## What is required
Shown below are entries with pictures; the line with "法国作品，19世纪末。" through the line with "A tractor pulling" is the span to retype exactly, and the pictures stay out.

## Data to examine
BEGIN

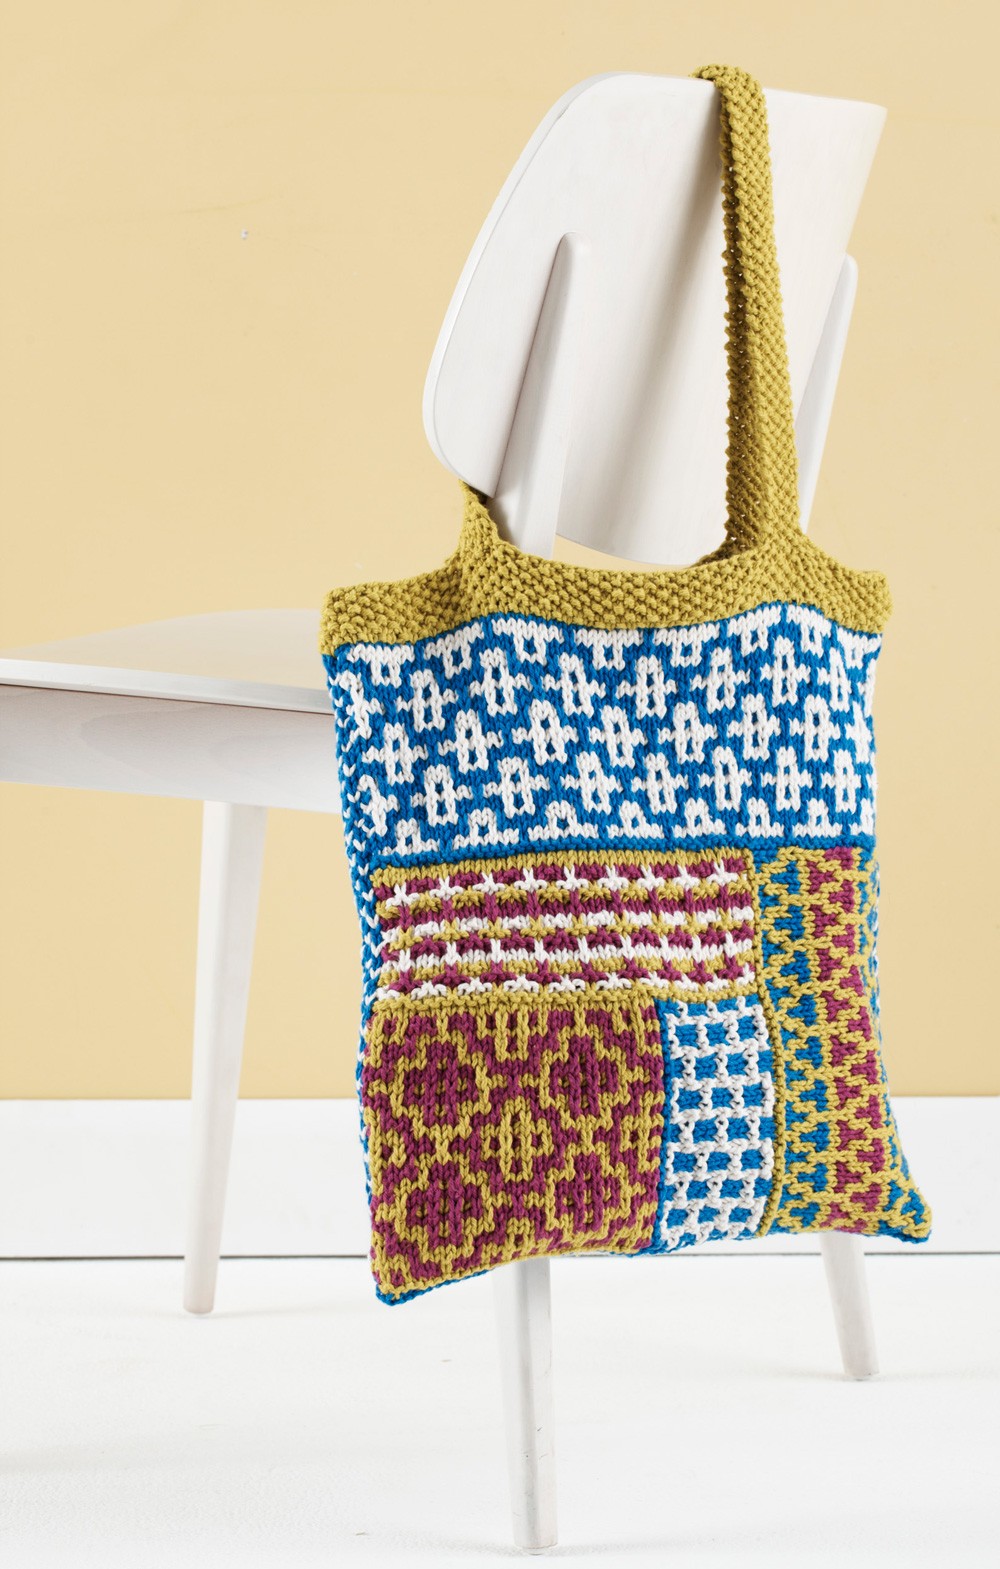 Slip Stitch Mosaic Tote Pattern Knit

END
BEGIN

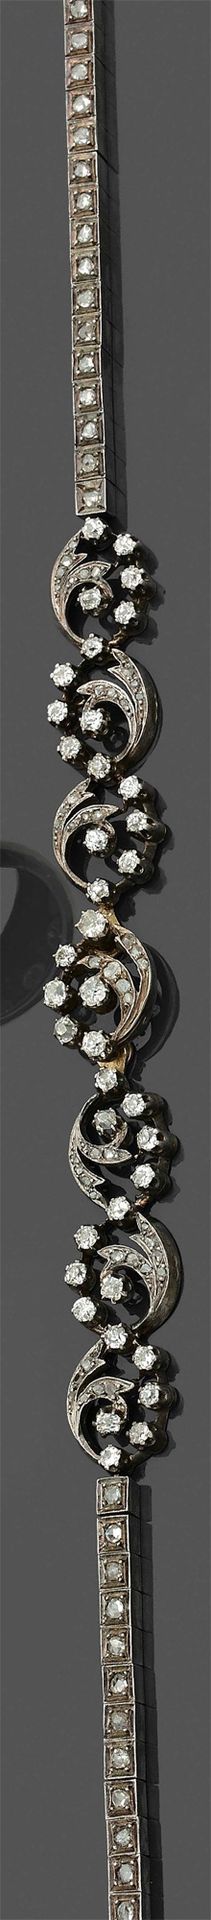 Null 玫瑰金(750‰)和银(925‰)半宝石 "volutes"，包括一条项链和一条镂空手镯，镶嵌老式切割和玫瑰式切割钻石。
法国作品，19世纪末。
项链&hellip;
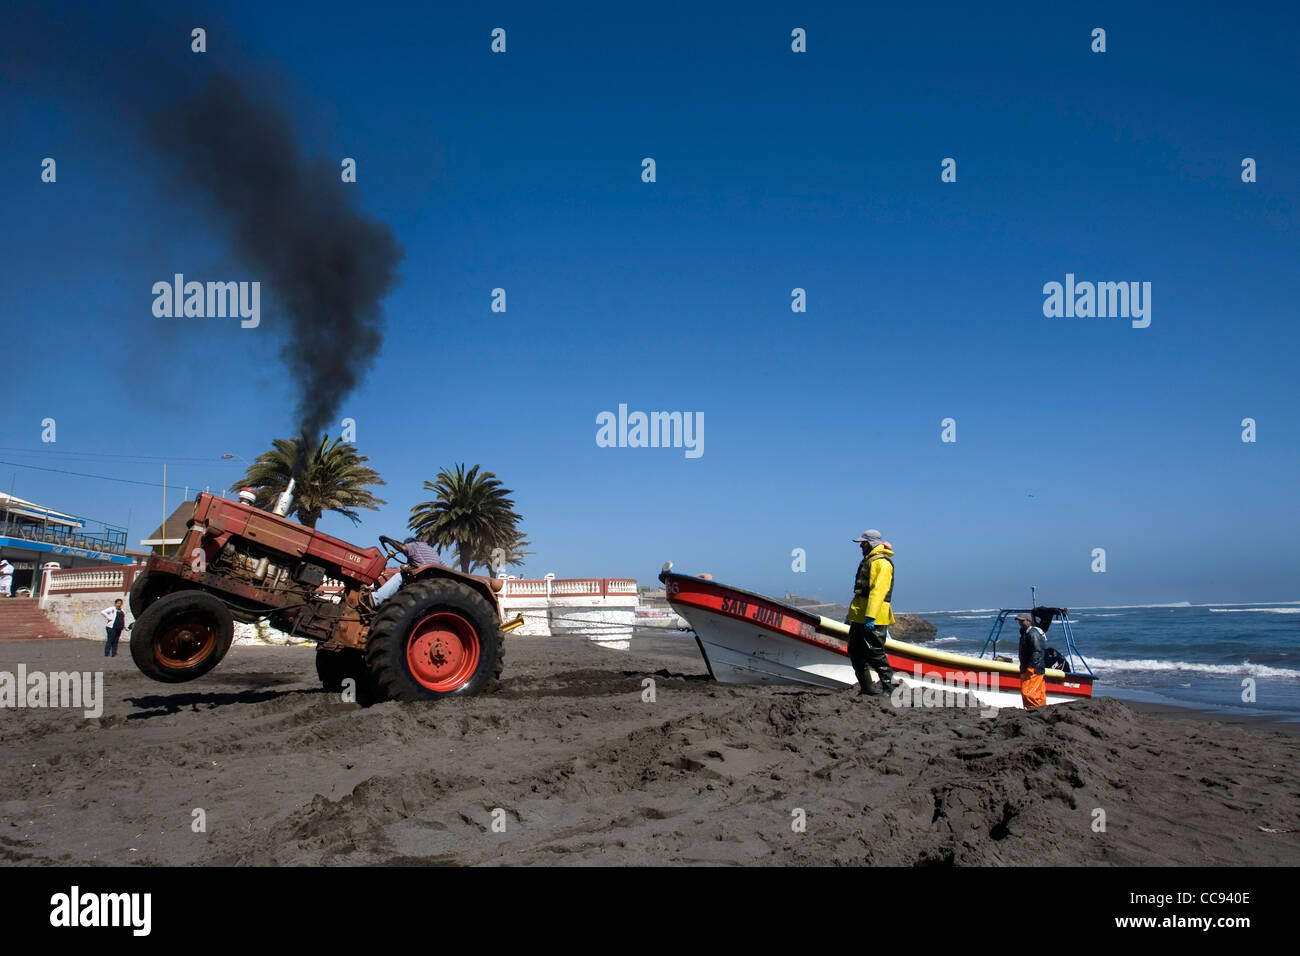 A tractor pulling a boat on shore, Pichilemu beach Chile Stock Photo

END

## Answer below
法国作品，19世纪末。
项链&hellip;
 A tractor pulling a boat on shore, Pichilemu beach Chile Stock Photo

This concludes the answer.